Secwépemc Knowledge Keeper Louis Thomas remembers going with his grandmother and mother to get food.
They didn’t go to a grocery store or restaurant. They headed out to pick avalanche lilies.
Unfortunately, the task was much less productive than it once was. The women would complain about how difficult it had become; sometimes it could take half a day just to get enough for one meal. The soil was so hard.
“Way back in time they’d be harvesting it all the time. So it was more manageable way back then because they were out there tilling the soil all the time,” Thomas explained.
“We need to look at how do we get our people back on the land. Getting back to the land and harvesting like we used to. It sustained our people for thousands of years. Why can’t it sustain us for another few more years? Now you look at the food shortage, the price of food going up, so why can’t we get back to our traditional foods again. And start living healthier again.
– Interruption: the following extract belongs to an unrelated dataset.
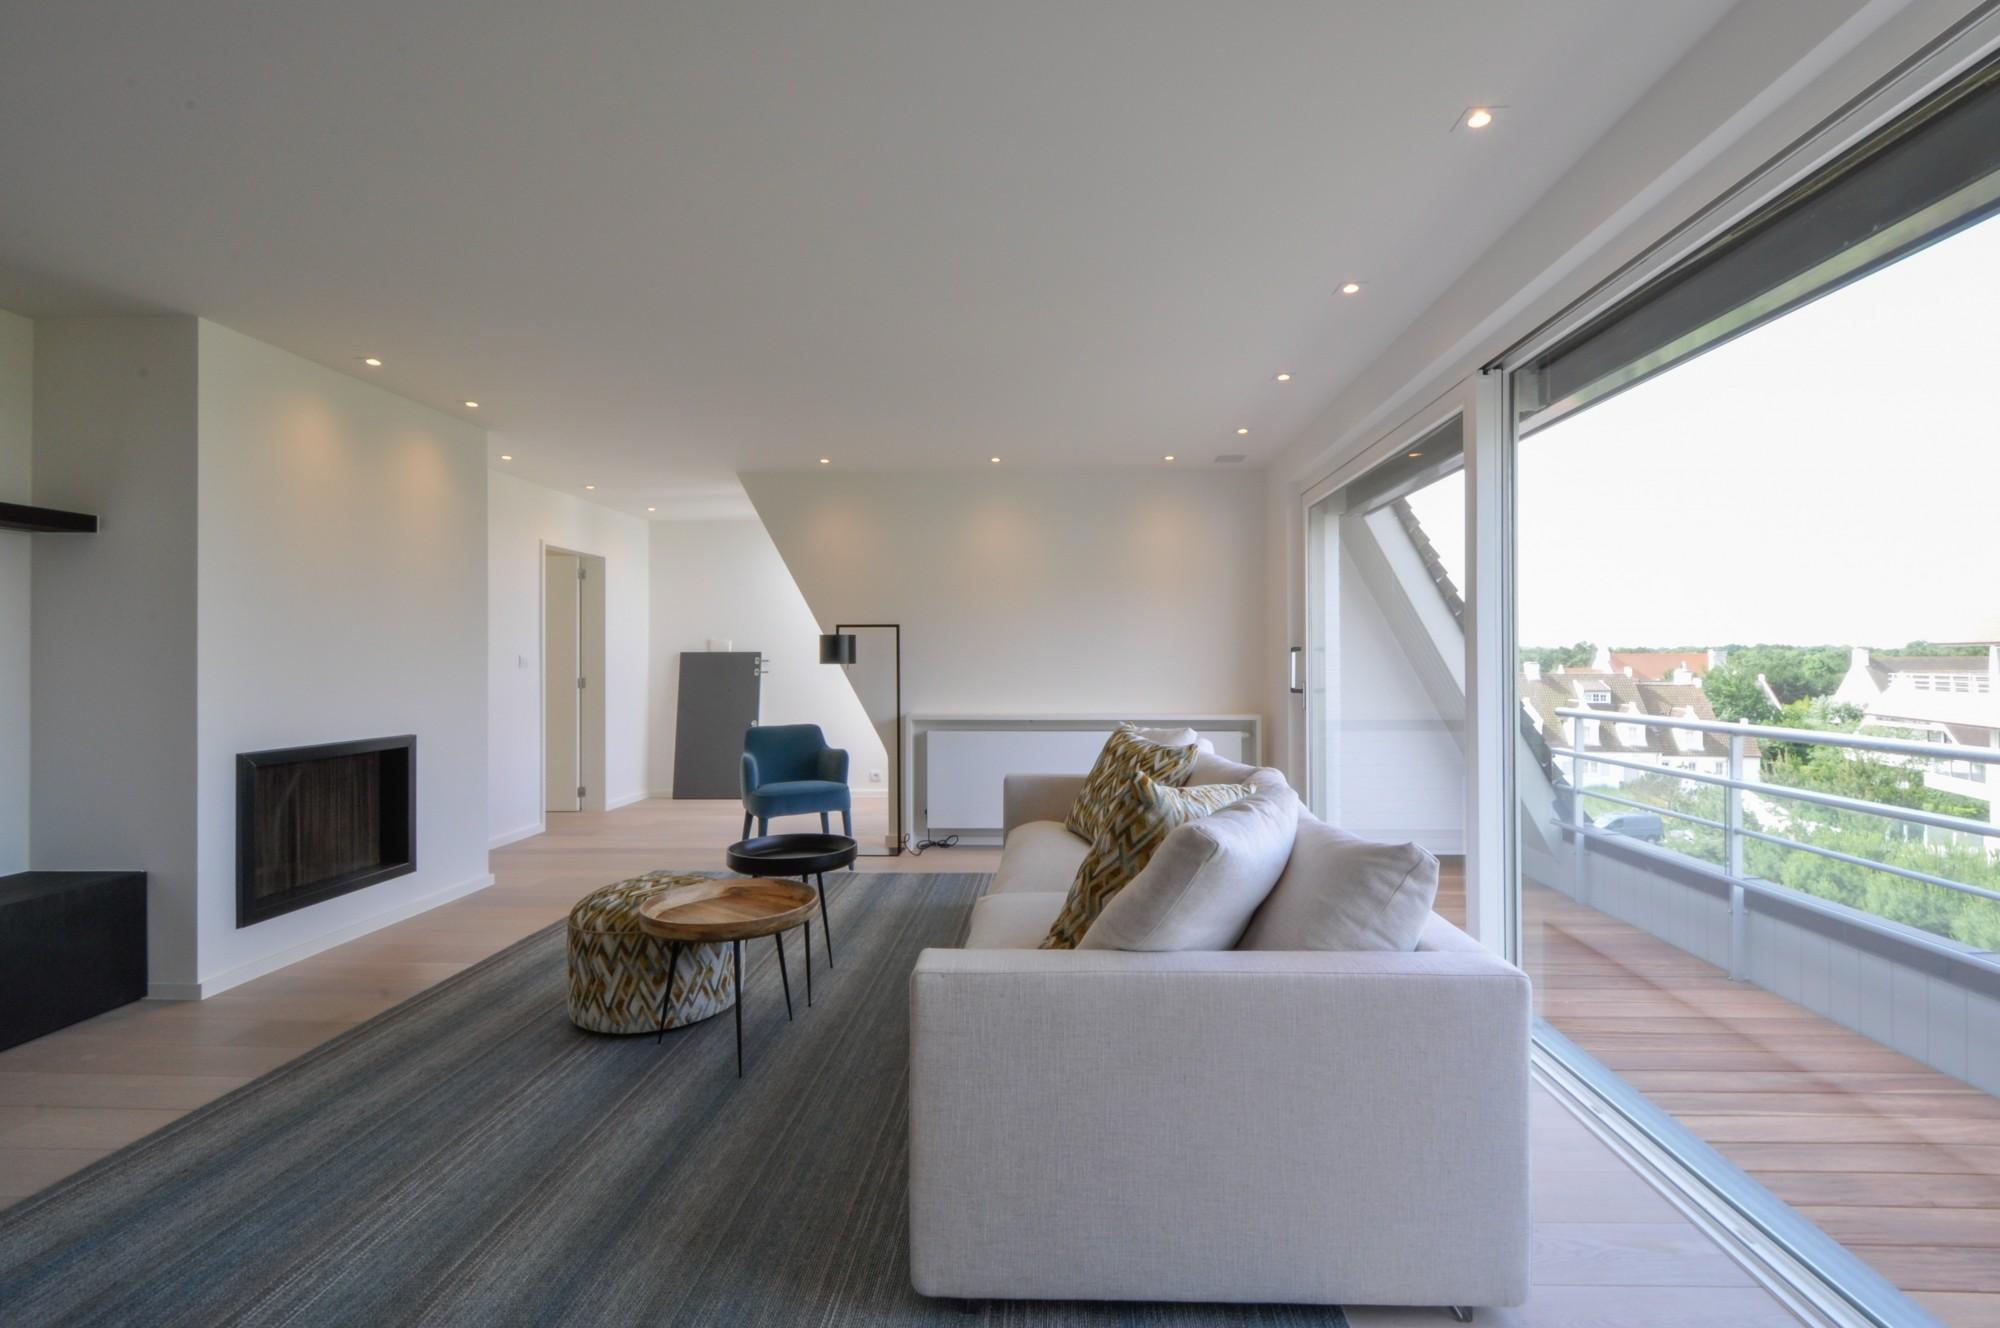 Vente Villa De Luxe Avec Piscine Digue De Mer Knokke Christophe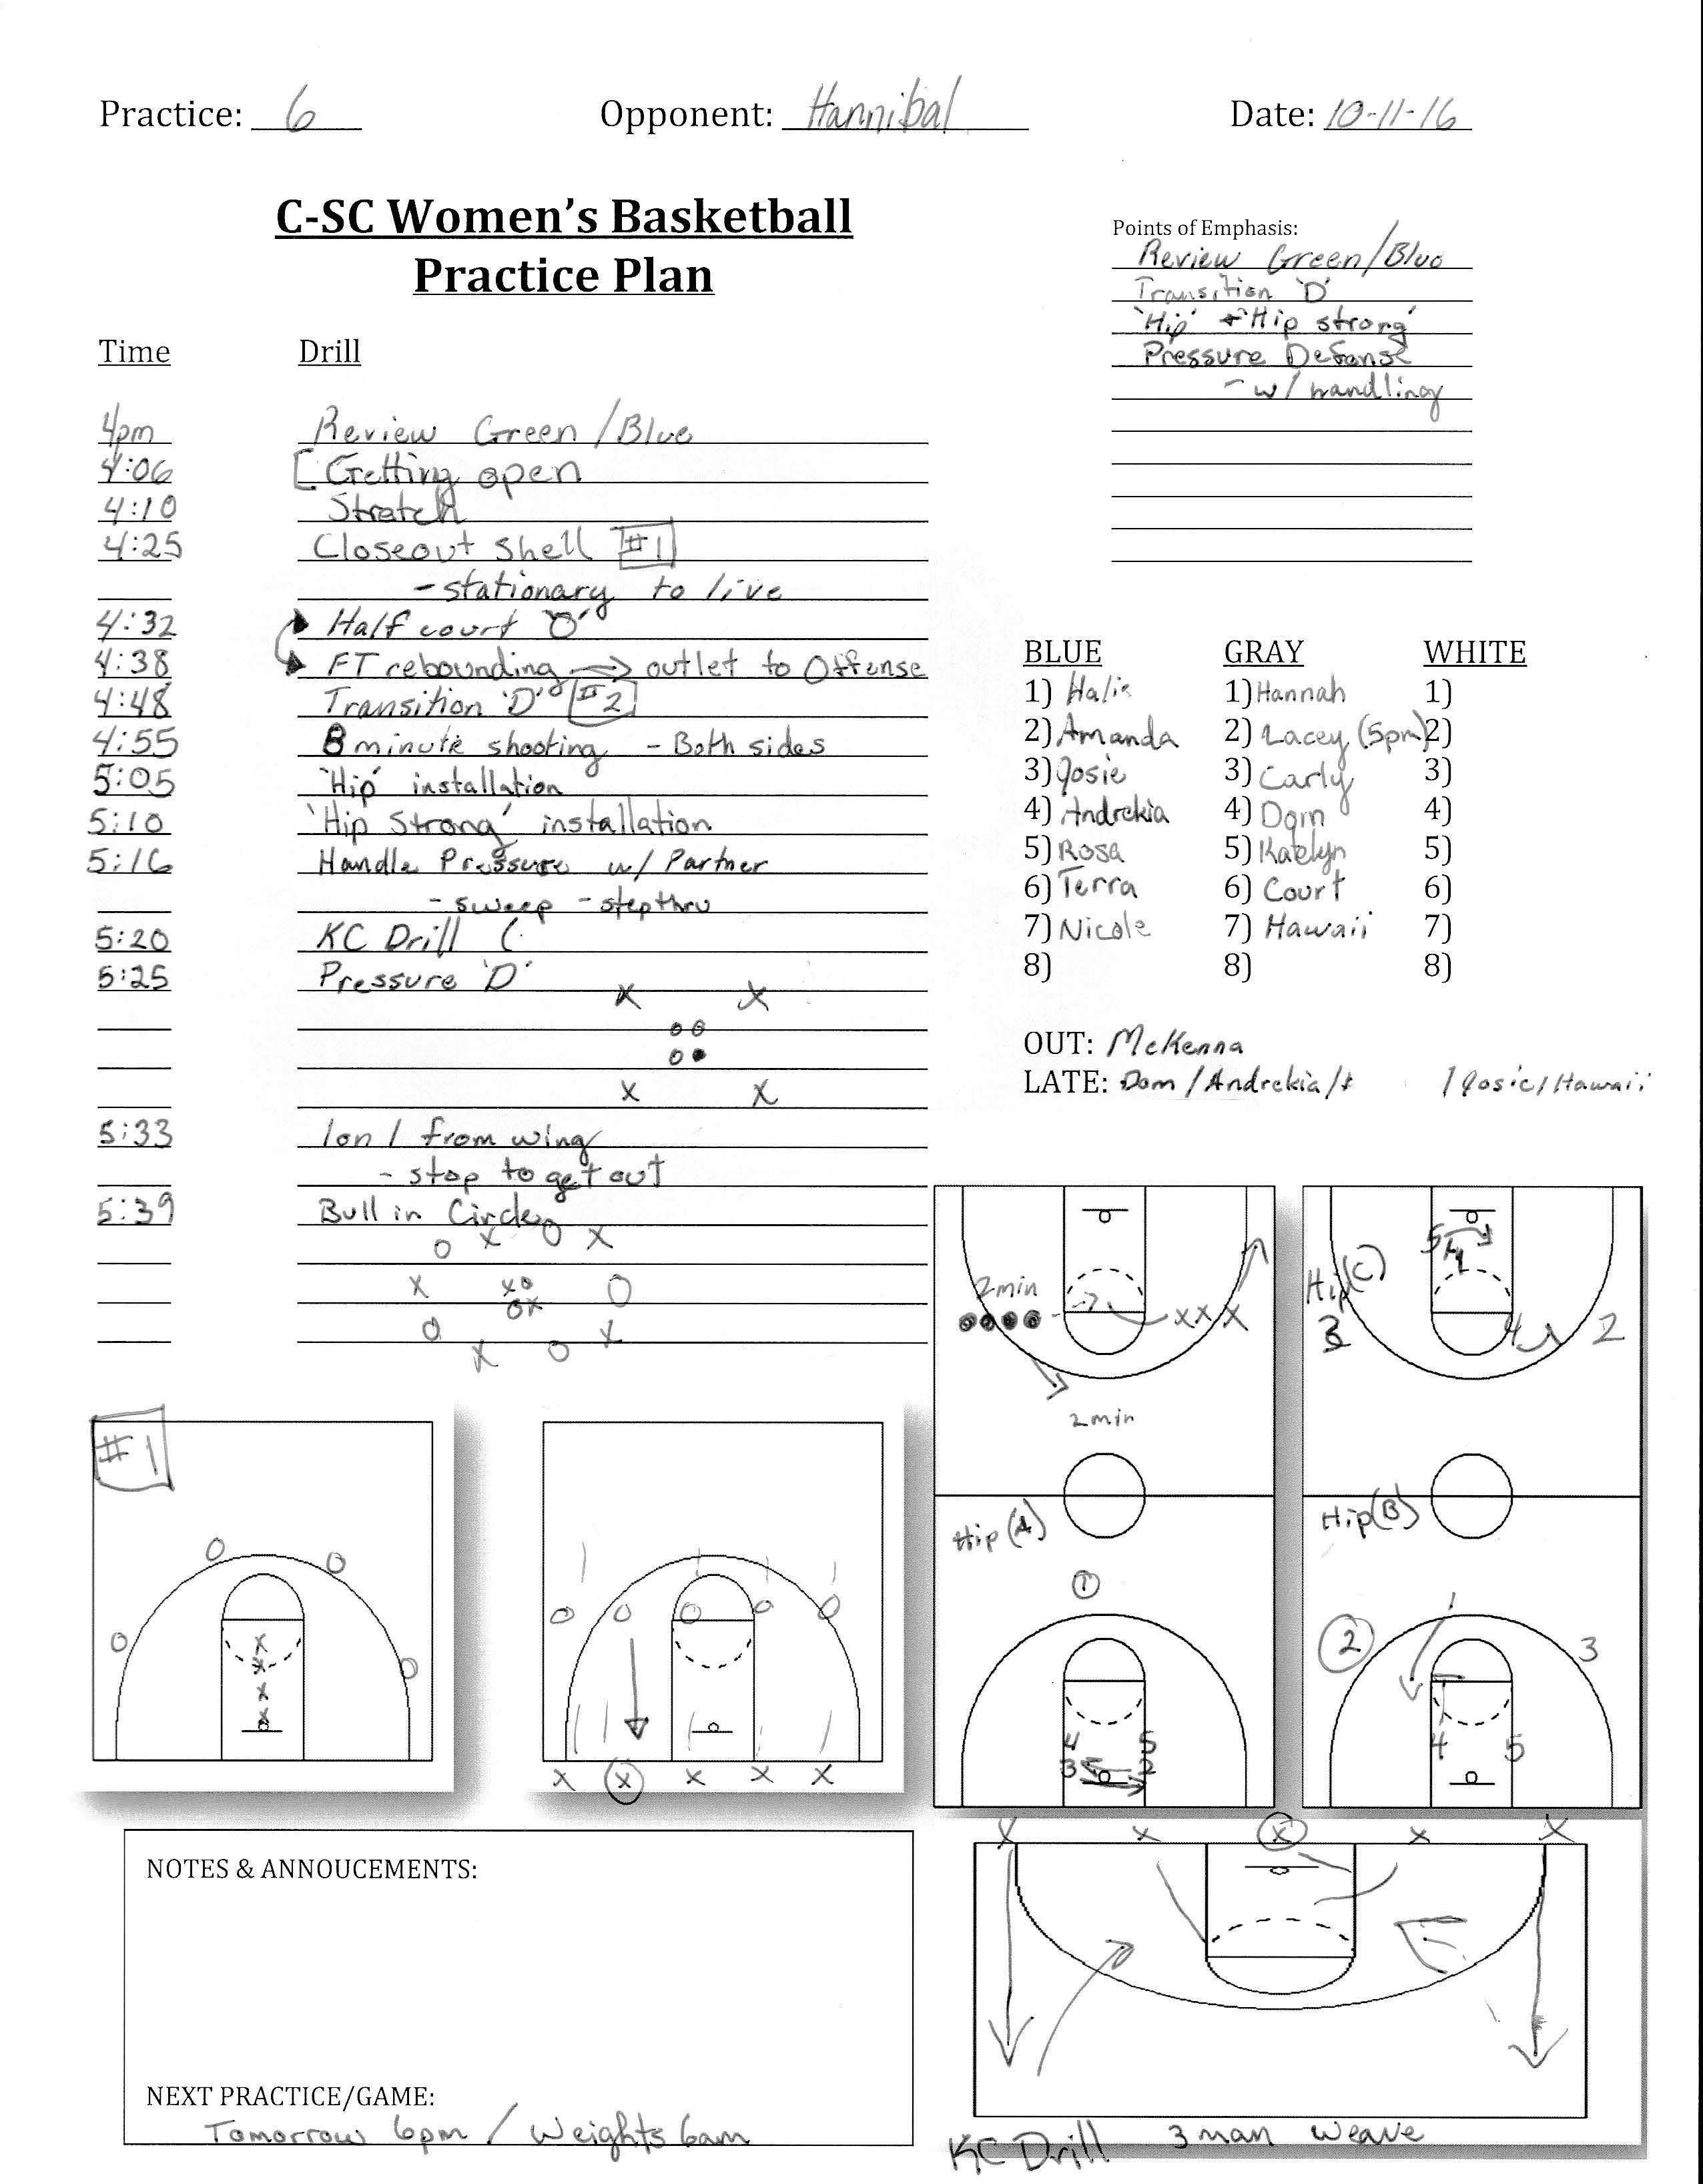 005 Beautiful Basketball Practice Plan Template Image  Pdf Fillable Google DocFull

Getting back on the land and being a part of it again.”
Progress is being made on that goal.
In 2019, Mehdi Sharifi, a research scientist in Summerland with the science and technology branch of Agriculture and Agri-Food Canada, began reaching out to Indigenous communities in B.C. to learn about their food systems.
A former professor at Trent University, he had done similar work in Ontario.
In 2017 he organized a workshop that drew people from across the country and resulted in federal funding for work with Indigenous communities and native plants.
He was introduced to Thomas by Libby Chisholm who works with the band, and found “what Louis was doing and hoping to do, was exactly what we were hoping to do,” Sharifi said.
The first was to establish a relationship with Agriculture Canada and then to reach out to the community and discuss some of the interests in the community.
“We had the expertise working with food as that was our job, and many of our skills were transferable. So we support the communities working on plants,” Sharifi said.
Thomas told them about his interest in avalanche lilies.
“It was a staple food in Interior B.C. Each family would harvest up to 90 pounds and keep it for winter. They dried different things; the plants were high in starch,” said Sharifi.
He said so many sites had been ruined by factors such as: climate change; forestry; invasive species, pests and diseases; and blocked access for communities. The plan is to start repopulating some of the sites.
“We’re working in that direction, not super fast,” Sharifi said.
He said there are sites near Chase and in Mount Revelstoke National Park.
Thomas was interested in spring beauty or mountain potatoes as well as avalanche lilies, but focus had to be narrowed to the lilies because of the amount of work involved.
Over three years, for four to six weeks, data would be collected about twice a week at the Chase and Revelstoke sites. The plan has also included hiring Indigenous students to take part in the work. More are welcome.
“We can hire the students, the science is interesting,” Shafiri said.
Shafiri has also been working with a research team which included scientists from Summerland, Agassiz, Newfoundland and Ottawa. Other Neskonlith members who have supported the project over time have also been appreciated. Several staff and students have helped manage the sites and collect data.
Thomas said he listened to the elders from the past, “the ones that experienced a lot of our old ways… I listened to them and that’s where the idea came when Libby was working for us on a school project.
“We started looking at ways of getting back our traditional plants again.”
Along with working with Ag Canada, he’s also been working with Parks Canada.
“And they gave us a harvest area up there (in Mount Revelstoke park). We have to develop that up there too…”
“It’s a lot healthier going up and digging for your own food. You’re out on the land, you spend a week harvesting. I want to develop harvest areas between here and Revelstoke. That’s one of my ultimate goals.”
Sharifi expressed his appreciation for colleagues at Parks Canada who have been supporters too.
A garden with traditional Indigenous plants was also planted on Neskonlith land. It included the high bush cranberry, saskatoon, soopalallie, the avalanche lily and the spring beauty or mountain potato. Cards were made up with information on the local plants, thanks to consultations Kenthen Thomas and Libby Chisholm had with language speakers and knowledge keepers.
“I think the way we came by that was we started out with the legends, the Secwépemc legends to begin with,” said Kenthen. “We looked at a series of stories and how they related to the land and the plants. That’s how our breakthrough into the plants was. Because they’re all kind of interconnected. The stories, the language, the land, the plants.”
Louis Thomas pointed out that farmers use lots of water, also important to life.
“Our people never used water when gardening. We let Mother Nature do it for us. We learned how to work with it. Maybe that’s what needs to be done, I don’t know. Start growing our crops differently maybe. Looking at alternatives.”
He attended a conference in Enderby quite a few years ago.
“One guy pops up and said, is it true the cattle trampled on all your crops? And I said no, it was McDonald’s.”
He said his joke bothered him later.
“I started thinking, you know, we started picking McDonald’s to go and eat, rather than going out and harvesting our traditional plants. Because it was a lot easier to hunt and gather at McDonald’s than it was to till our soil and look after our plants. So we’re partly to blame too.”
Sharifi expressed his appreciation for Louis Thomas.
“Louis is amazing, he is like a champion. He is a one-man army. He does so much work. We really enjoy working with him.”